Xtianity without the Incarnation

nyudnik

Banned
The two pillars of Christianity are that Jesus was the Messiah and that he was the Incarnation & Corporification of the Deity.

WI the latter was rejected by even by the newly won-over Romans as not being in consonance with the Old Testament and Judaism?

Could a Christianity without this less radical premise (ie it became a form of "Judaism-Lite" cf a Shabattean-Frankist Messianic-Wake type movement, with little or no observance of the OT's commandments required from gentiles apart from the Ten) still have flourished in the world and with what result?
 
Actually, the divinity of Jesus was (and remains) hard to swallow for many Christians. There have always bee movements that, to some extent, reduced or denied it (Arianism, Adoptionism and their various related -isms). I see no reason why a Christian church embracing the view that Jesus was the adopted (rather than literal) son of god, the expected Messiah, or the last prophet, could not flourish.

In my circle of acquaintances, that is what most Christians actually believe, BTW.
 
Isn't it also true that Jesus (in the bible) never explicitly calls himself "son of God"? "son of man", yes, but that's way different...
 

Leo Caesius

Banned
The title is used alot in the Septuagint as a poetic variant for "man." Contrary to the Gospels, however, it never appears with the article in the Septuagint, whereas it is always definite in the New Testament. A possible, Aramaic, equivalent to the Greek ho huios tou anthropou, "the son of man" is barnasha, which means "person, human being." Strangely, however, this form does not appear in any of the surviving Aramaic versions of the Bible (I'm thinking specifically of the Pshitta). Instead, breh d-nasha appears (quite literally "the son of man," not simply "person"), suggesting that the suriving Aramaic accounts are derived from Greek, and that they didn't know what to do with the title, either.
 
Leo,

In Daniel (I think), the Bible talks about "one like a son of man" who is given a universal, everlasting kingdom by Jehovah God and all humanity will either "serve" or "worship" him (the NIV says "worship" but some other versions say "serve").

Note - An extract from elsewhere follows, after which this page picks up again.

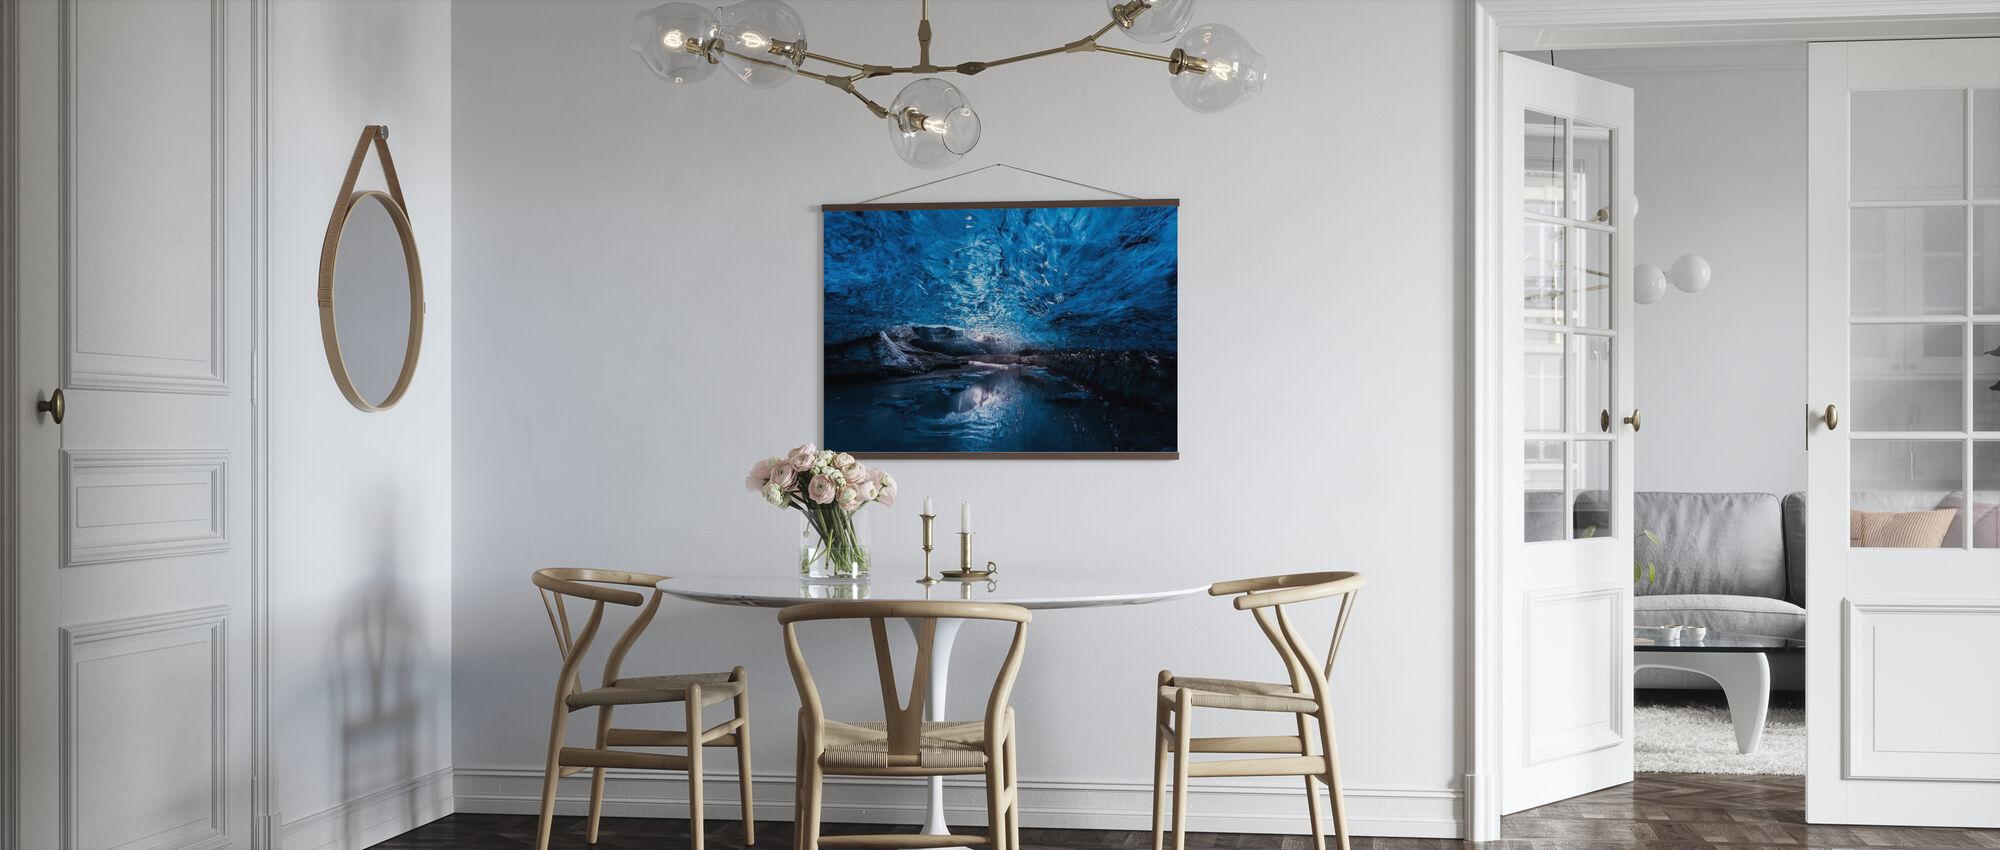 Deep Inside - Poster - Kitchen

Did "Son of Man" become a messianic title after Daniel was written, or just after Christ used it to describe Himself?
 

Leo Caesius

Banned
That's the title in question. No one really knows what to do with it. In Daniel, it is indefinite (without the article) whereas it is definite throughout the NT. That suggests to me very strongly that the term in Daniel refers to the Aramaic expression barnasha "human being" (eg. simply "one like a human being"). However, there is some debate over the composition of Daniel and whether this term (barnasha) was current at the time.

The term is used for the Prophet Ezechiel more than 90 times. By the time of Christ, it is uncertain whether or not it was widely known as a messianic title; from what I understand, its first use as such (beyond that one passage in Daniel) is in the apocryphal Book of Enoch.